AsyncLookupManager: per-tier async lookup manager for secondary tier existence checks.

Each secondary tier that wants non-blocking lookups composes its own AsyncLookupManager instance internally. The manager maintains lookup state and uses a background thread to execute batch_lookup() calls.

Locking design

There is no explicit lock. Thread safety is achieved by ownership:

  • _lookup_state and _lookup_batch are owned exclusively by the scheduler thread. lookup(), flush(), and cleanup() read and write them directly.

  • _lookup_queue is written by the scheduler (flush → put_nowait, one item per step) and read by the background thread (get). queue.Queue is thread-safe.

  • _pending_results is written by the background thread (put) and read by the scheduler (get_nowait inside drain_results). queue.SimpleQueue is thread-safe by design.

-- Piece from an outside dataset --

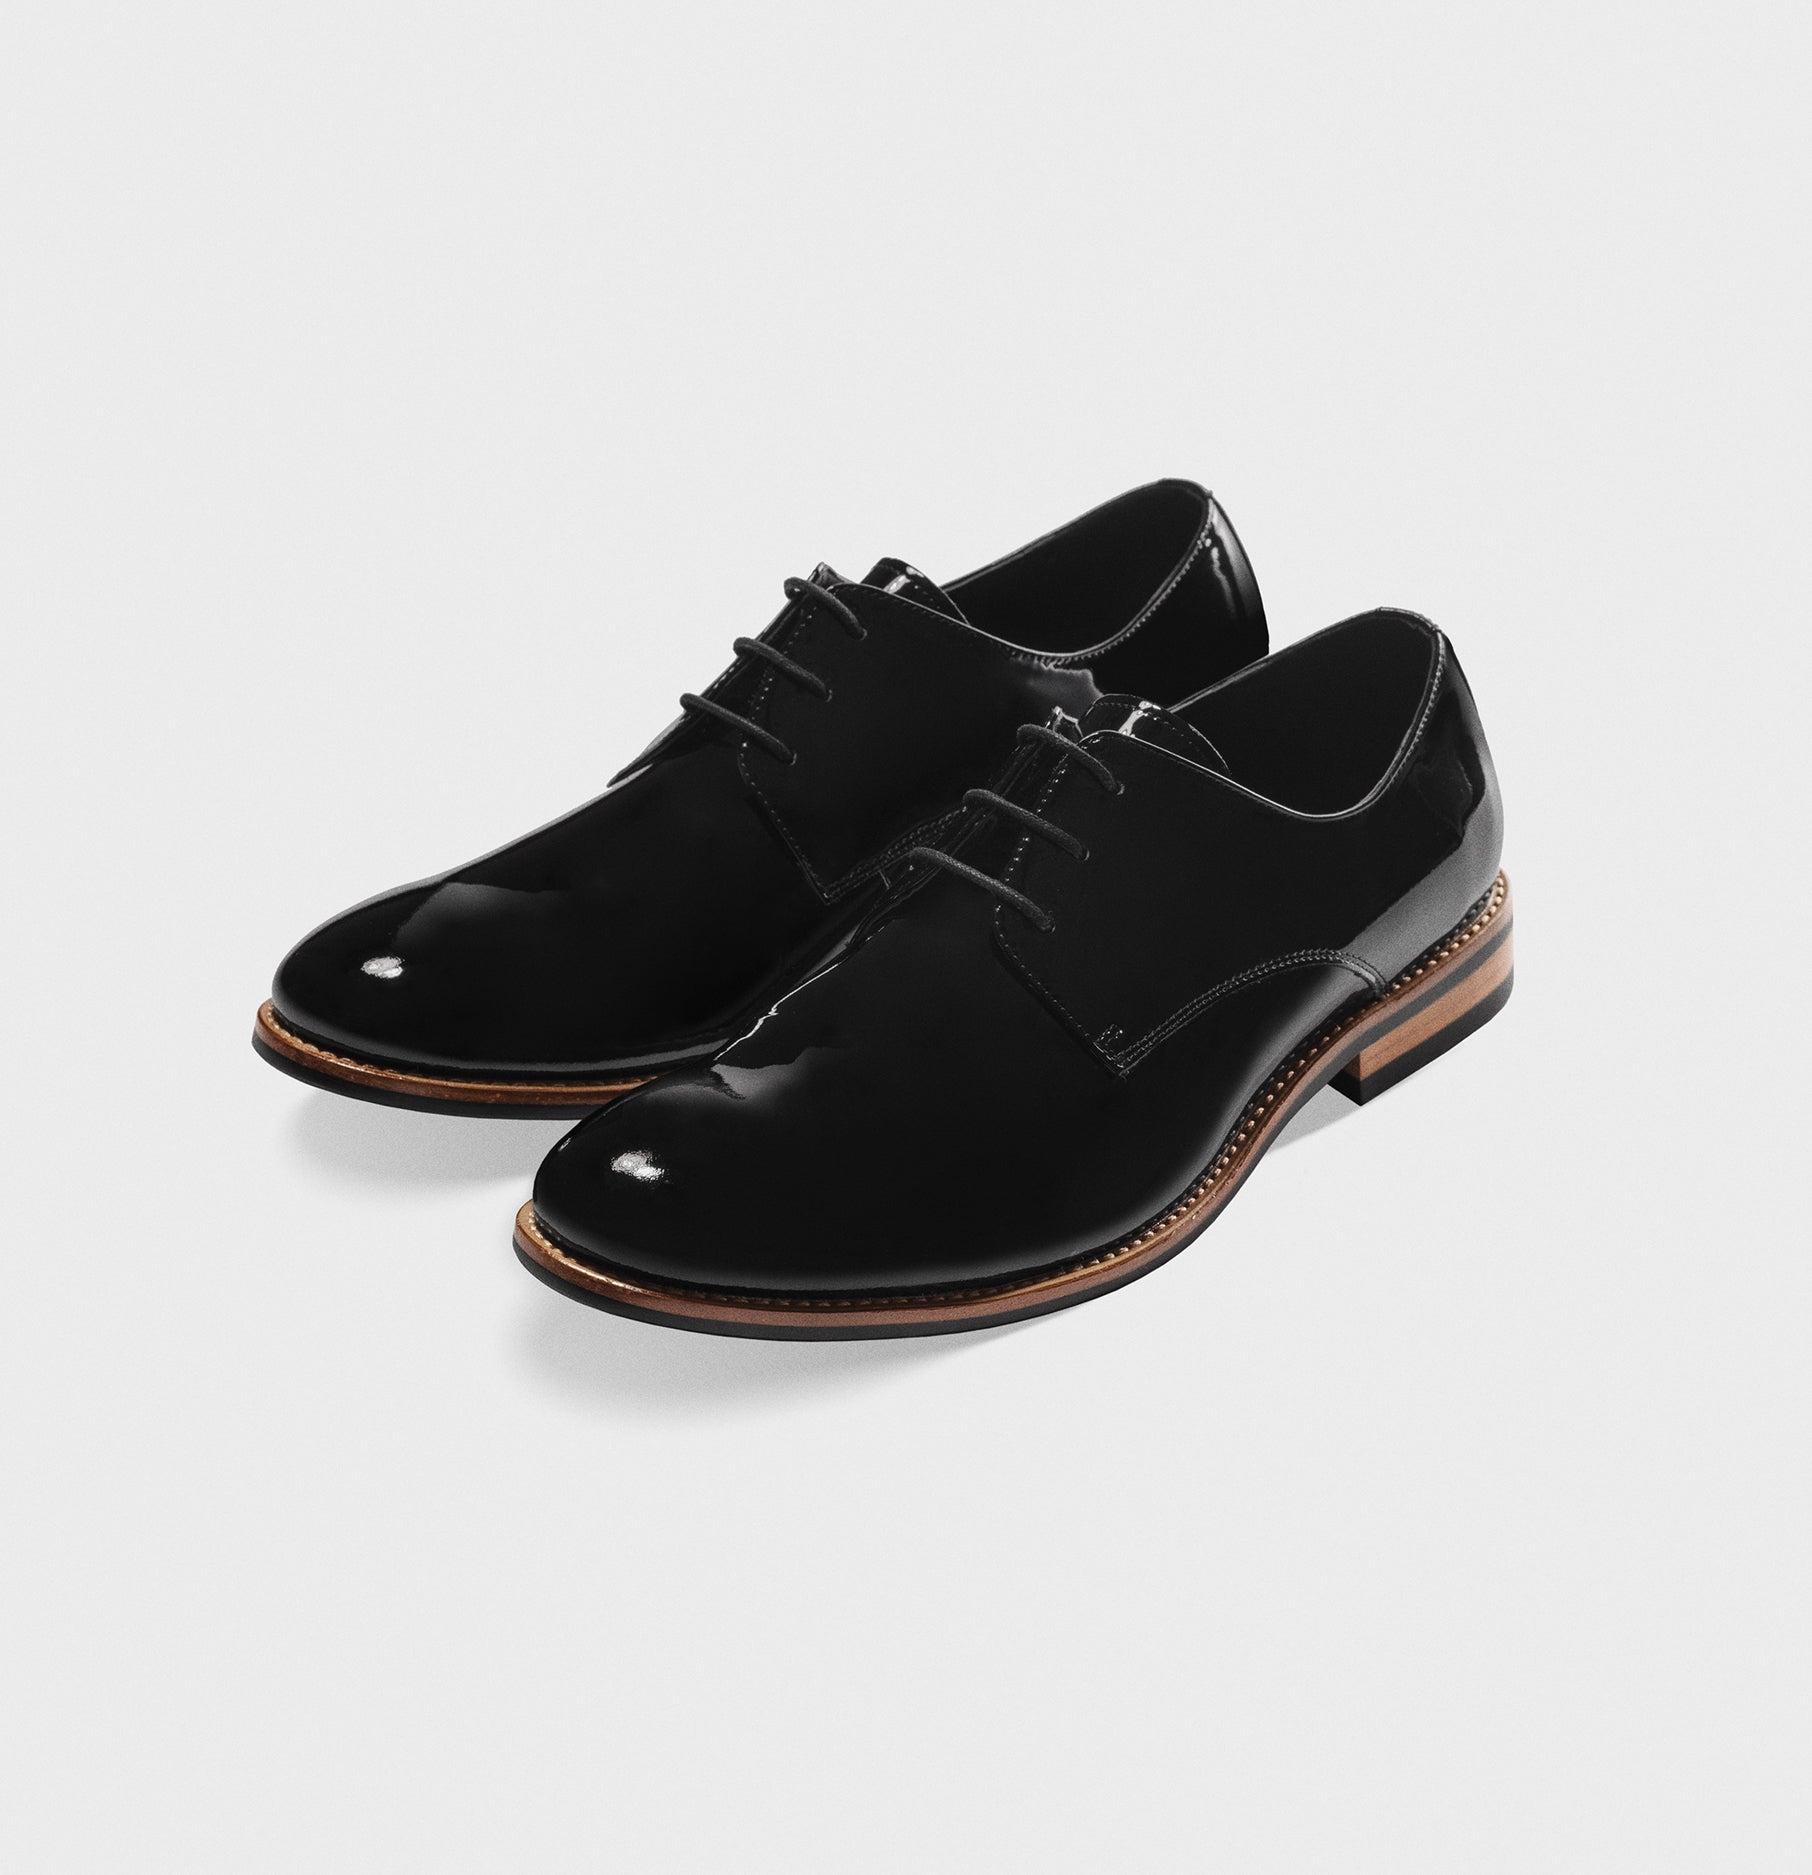 Brown Dress Shoe Rental

lookup() accumulates new keys in _lookup_batch without touching the queue. flush() is called once per step from the tier's on_schedule_end(), posting the entire batch as a single queue item so the background thread sees one batch per step. drain_results() is called before any lookup() calls in the same step, so lookup() is a pure OrderedDict operation.

Classes:

  • AsyncLookupManager

    Per-tier async lookup manager for secondary tier existence checks.

AsyncLookupManager

Bases: ABC

Per-tier async lookup manager for secondary tier existence checks.

Each secondary tier that wants non-blocking lookups composes its own AsyncLookupManager instance internally. The manager maintains lookup state (cache, queue) and uses a background thread to execute the actual batch_lookup() calls.

Subclasses implement only batch_lookup() — all queue management, state tracking, and result delivery is provided by this base class.

The owning tier delegates its lookup(), on_schedule_end(), and on_request_finished() to this manager: - lookup() → drain_results() + lookup state check - on_schedule_end() → flush() - on_request_finished() → cleanup()

Methods:

  • batch_lookup

    Check whether a batch of blocks exist in this tier.

  • cleanup

    Remove entries no longer needed by any active request.

  • drain_results

    Apply pending worker results to _lookup_state.

  • flush

    Post this step's accumulated keys to the worker thread.

  • lookup

    Non-blocking lookup called from the scheduler thread.

  • shutdown

    Stop the worker thread.

Source code in vllm/v1/kv_offload/tiering/async_lookup.py
class AsyncLookupManager(ABC):
    """
    Per-tier async lookup manager for secondary tier existence checks.

    Each secondary tier that wants non-blocking lookups composes its own
    AsyncLookupManager instance internally. The manager maintains lookup
    state (cache, queue) and uses a background thread to execute the actual
    batch_lookup() calls.

    Subclasses implement only batch_lookup() — all queue management,
    state tracking, and result delivery is provided by this base class.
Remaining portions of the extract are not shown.